## Your objective
Return the data below unaltered, but strip out the pictures.

## Recorded information
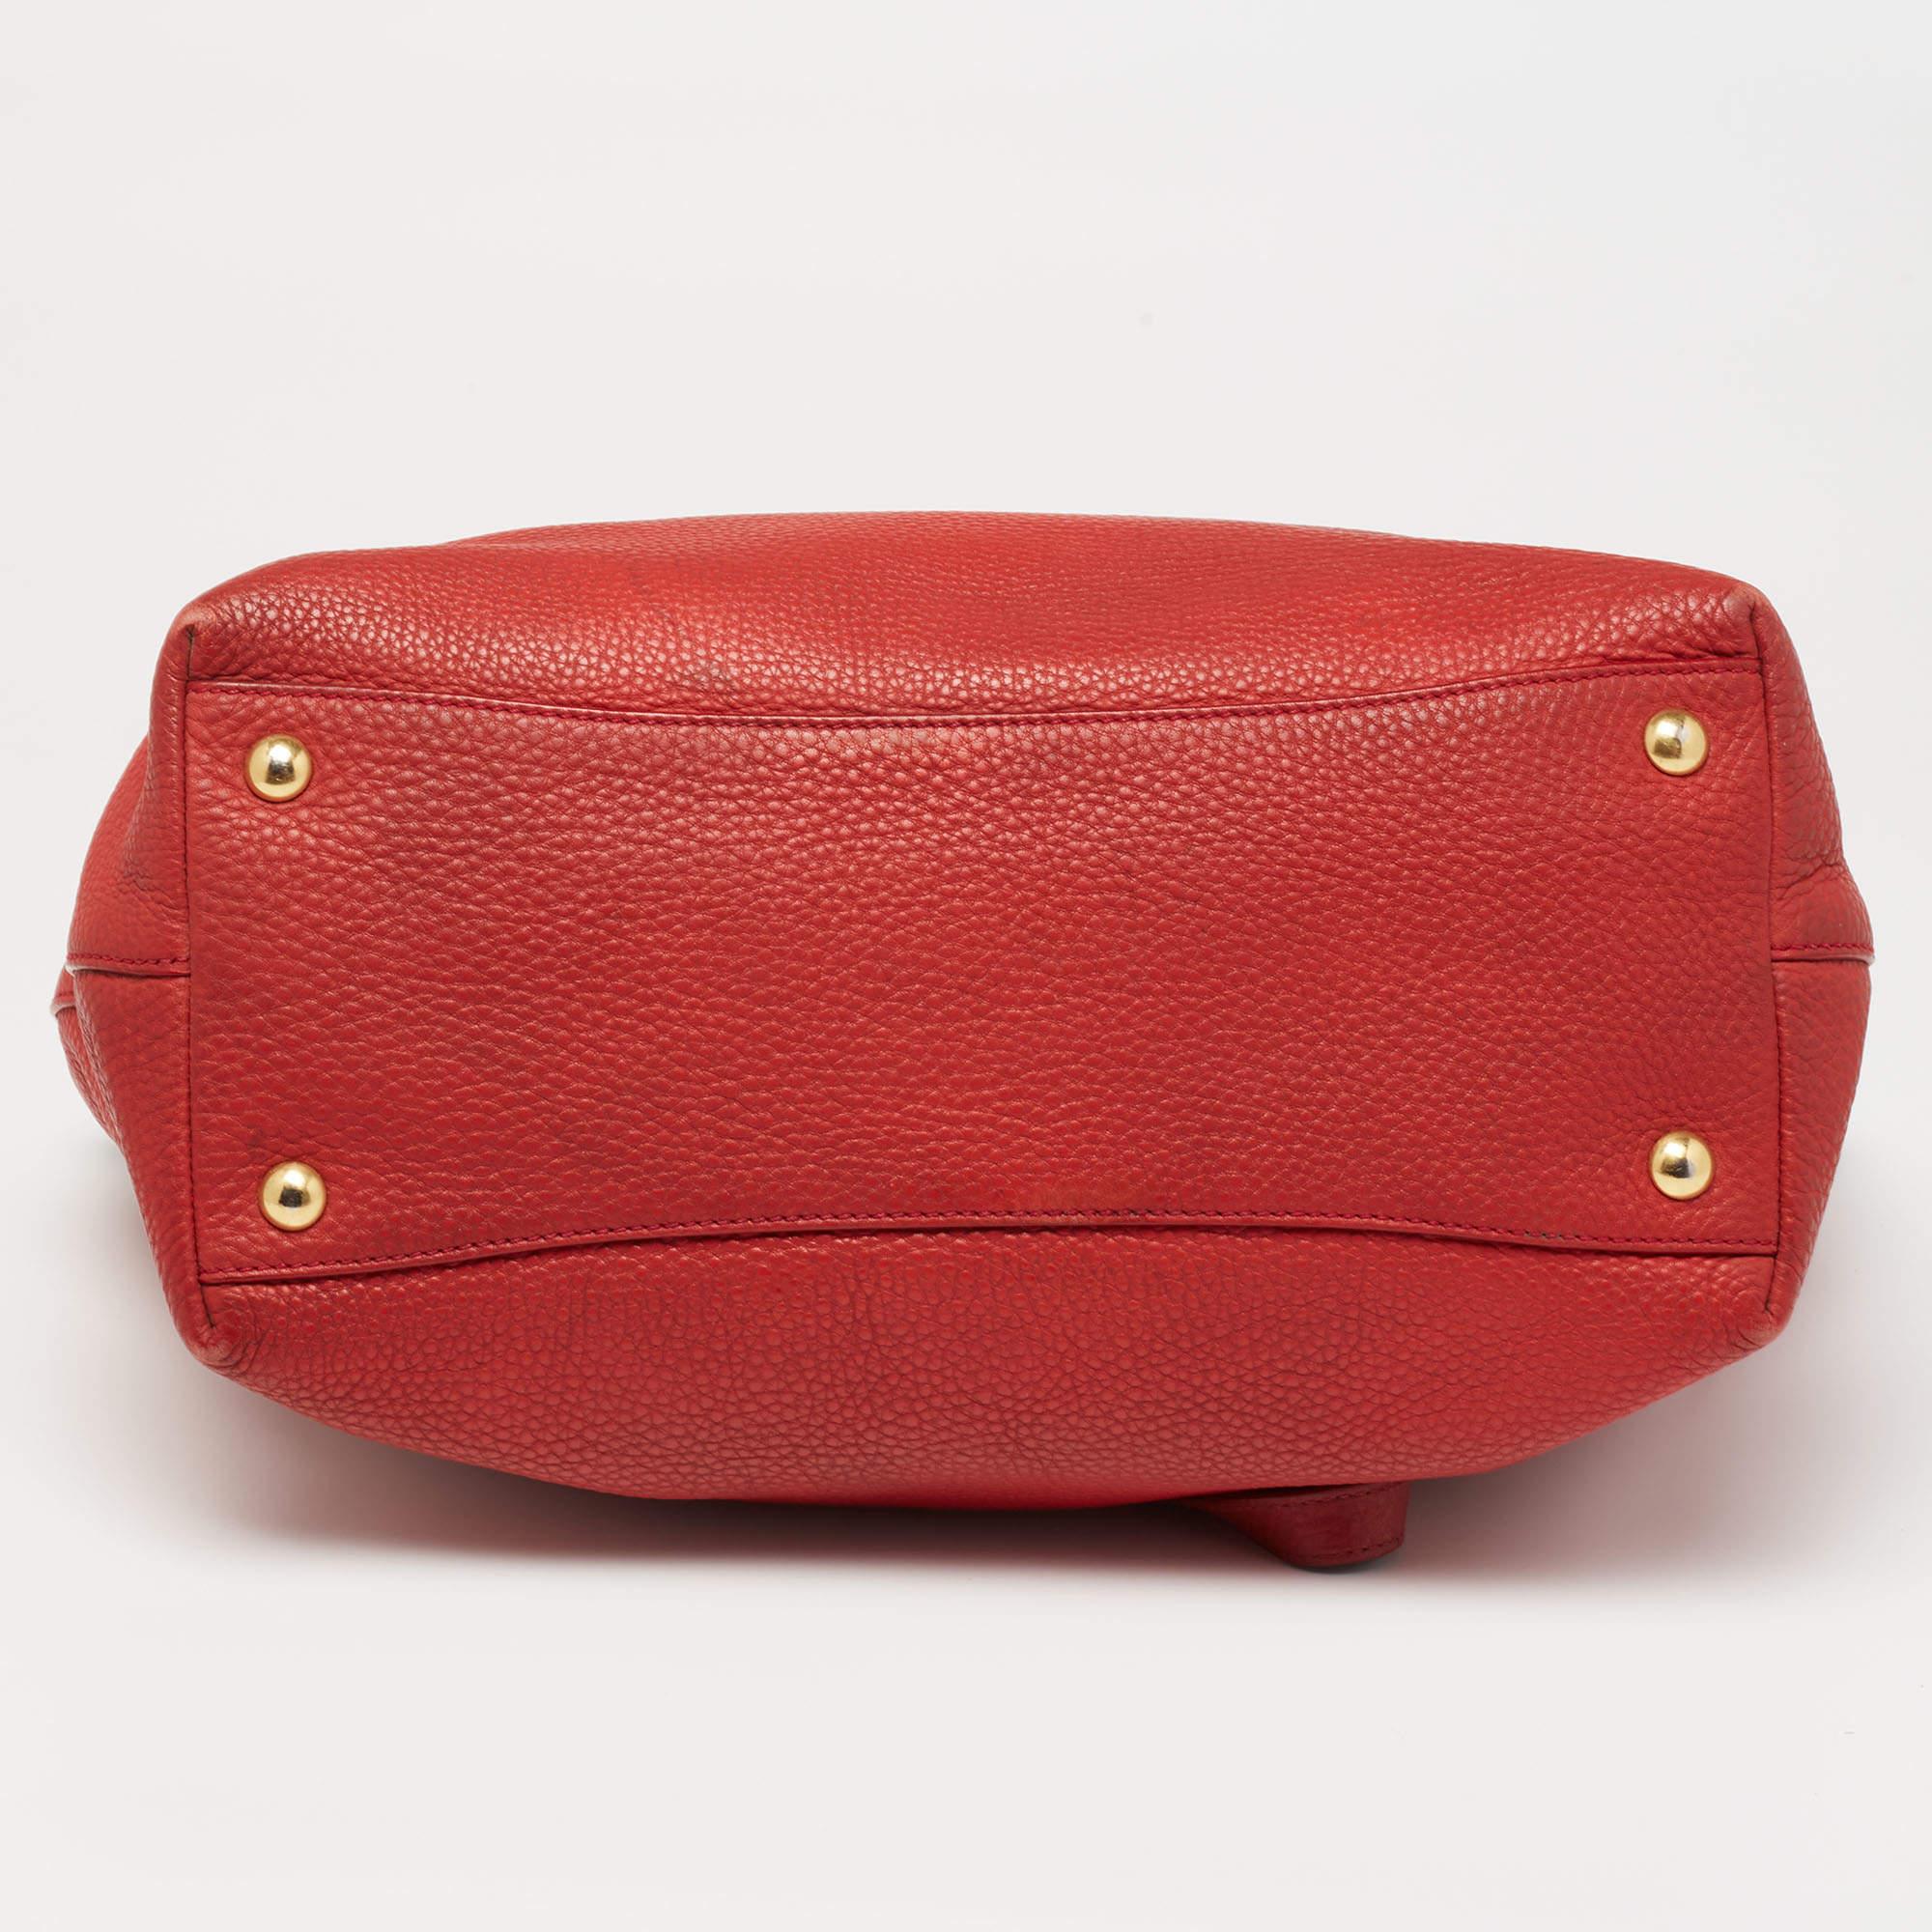 Miu Miu Red Leather Shopper Tote For Sale 1
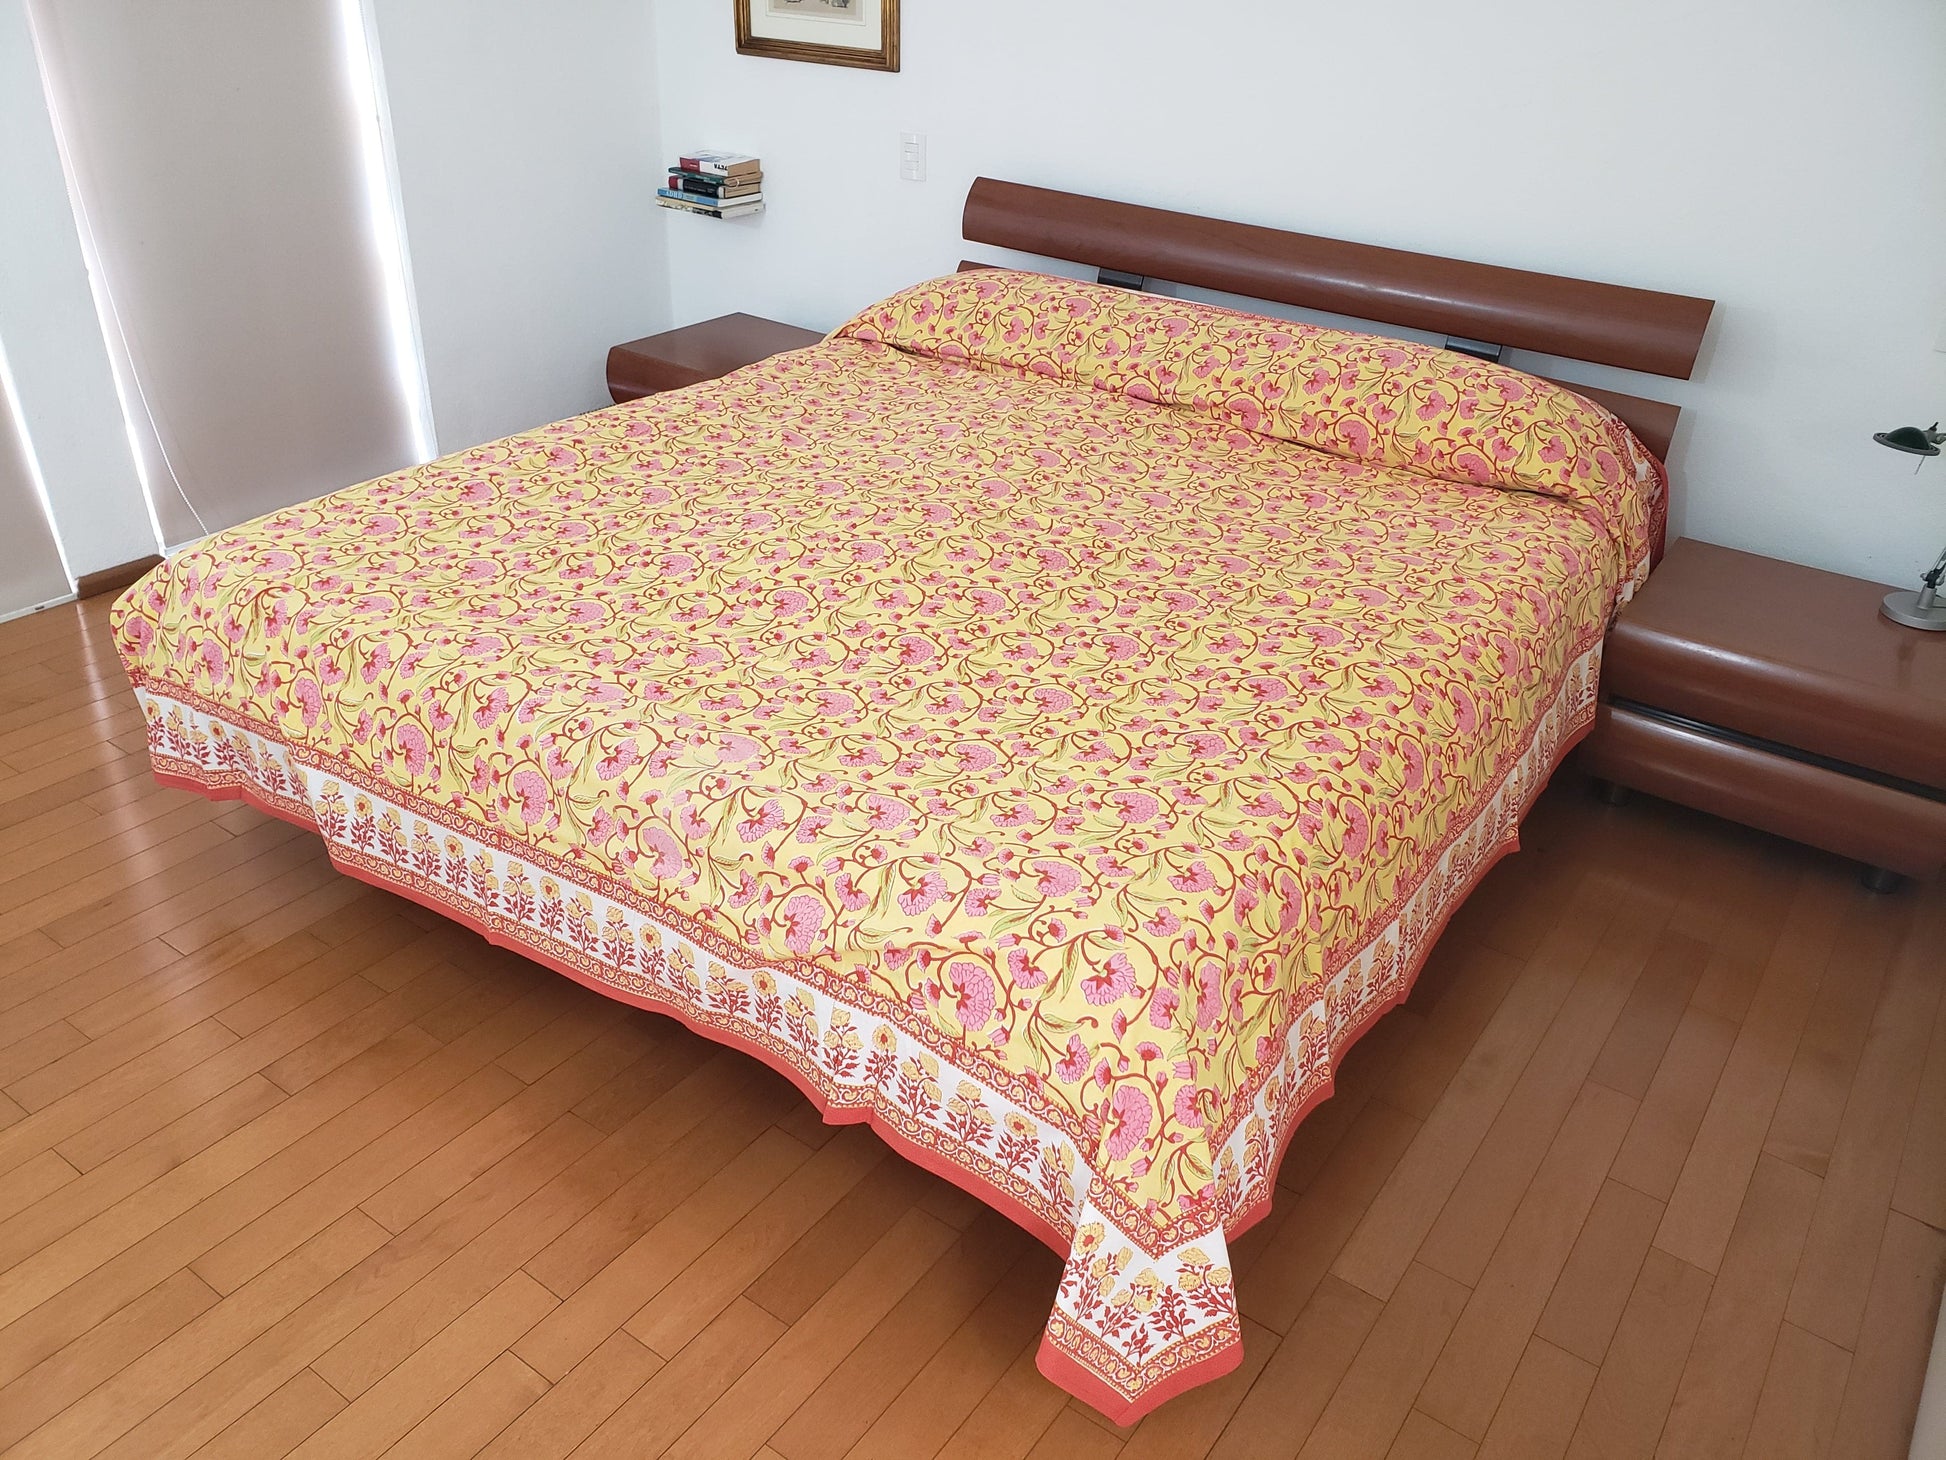 Sobrecama 100% algodón estampado a mano, base color amarilla con flores rosas y tallos rojos. Hecho en la India.
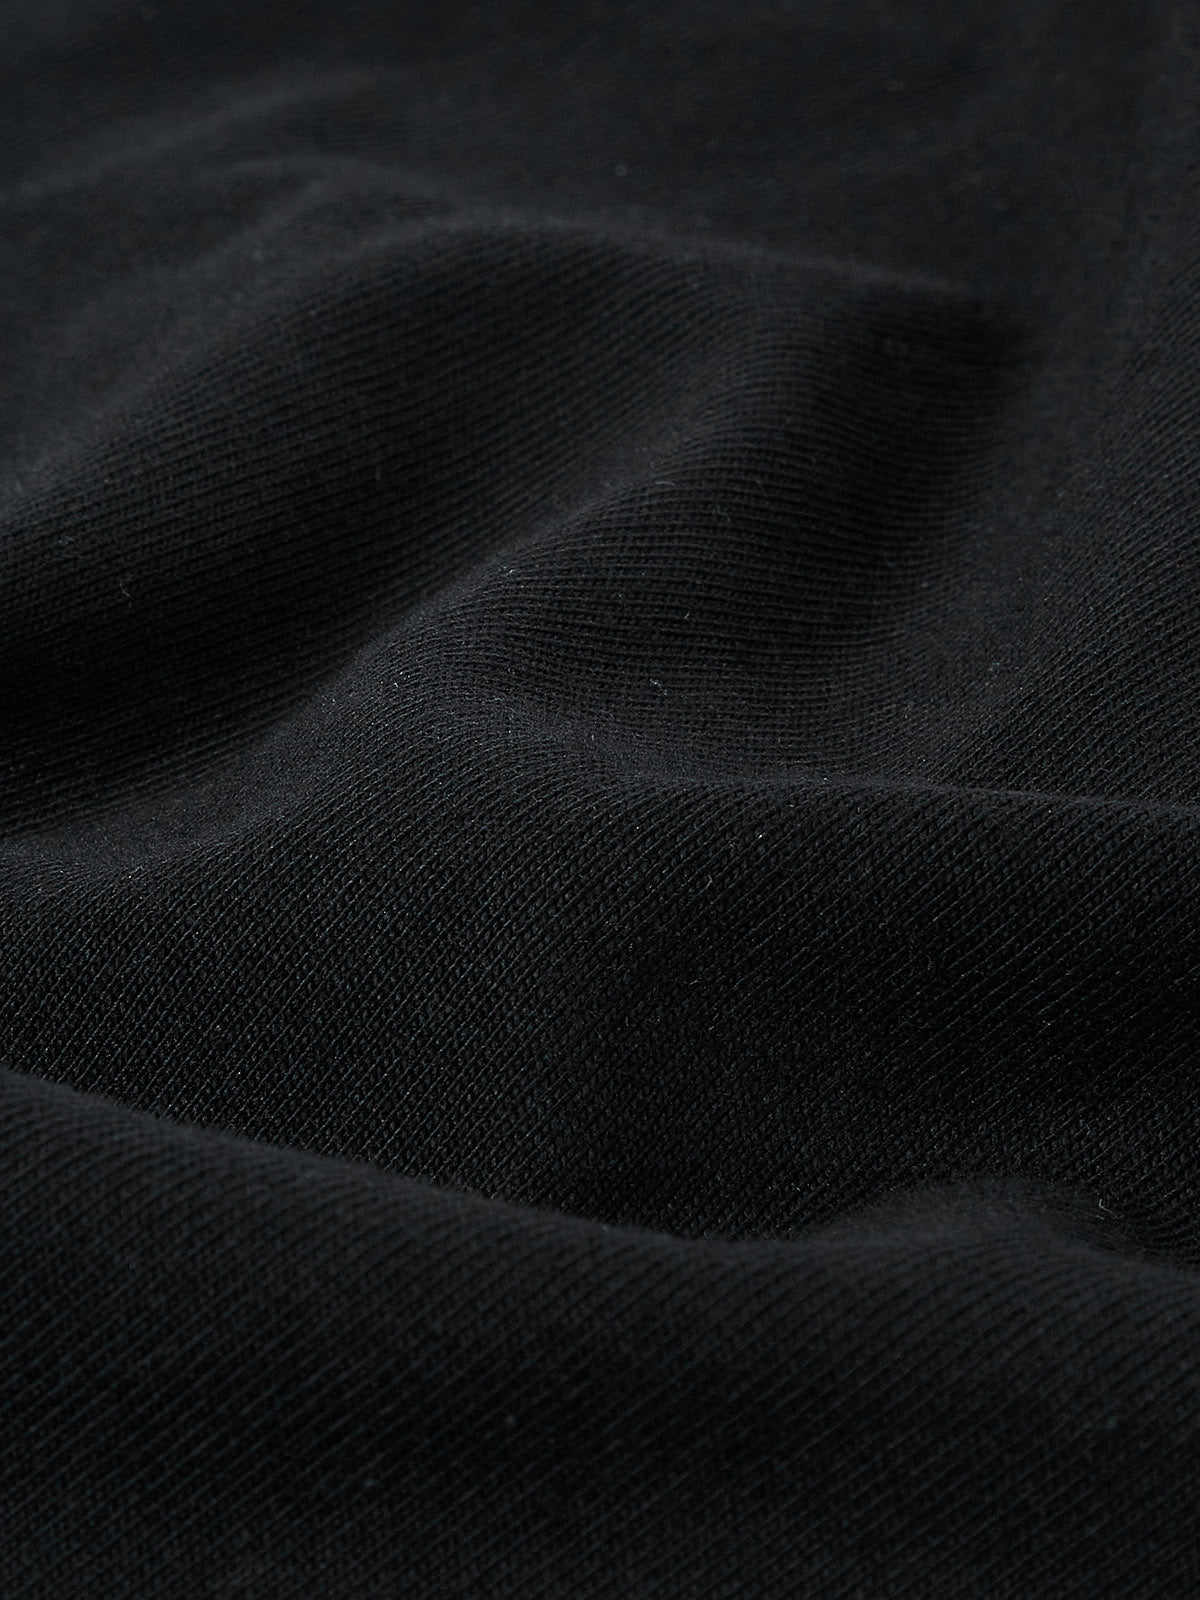 UNKNOWN ALLURE© ブラック マドンナ アンド チャイルド 壁画 400g ラウンド ネック スウェットシャツ

## Completed exercise
 Miu Miu Red Leather Shopper Tote For Sale 1
 Sobrecama 100% algodón estampado a mano, base color amarilla con flores rosas y tallos rojos. Hecho en la India.
 UNKNOWN ALLURE© ブラック マドンナ アンド チャイルド 壁画 400g ラウンド ネック スウェットシャツ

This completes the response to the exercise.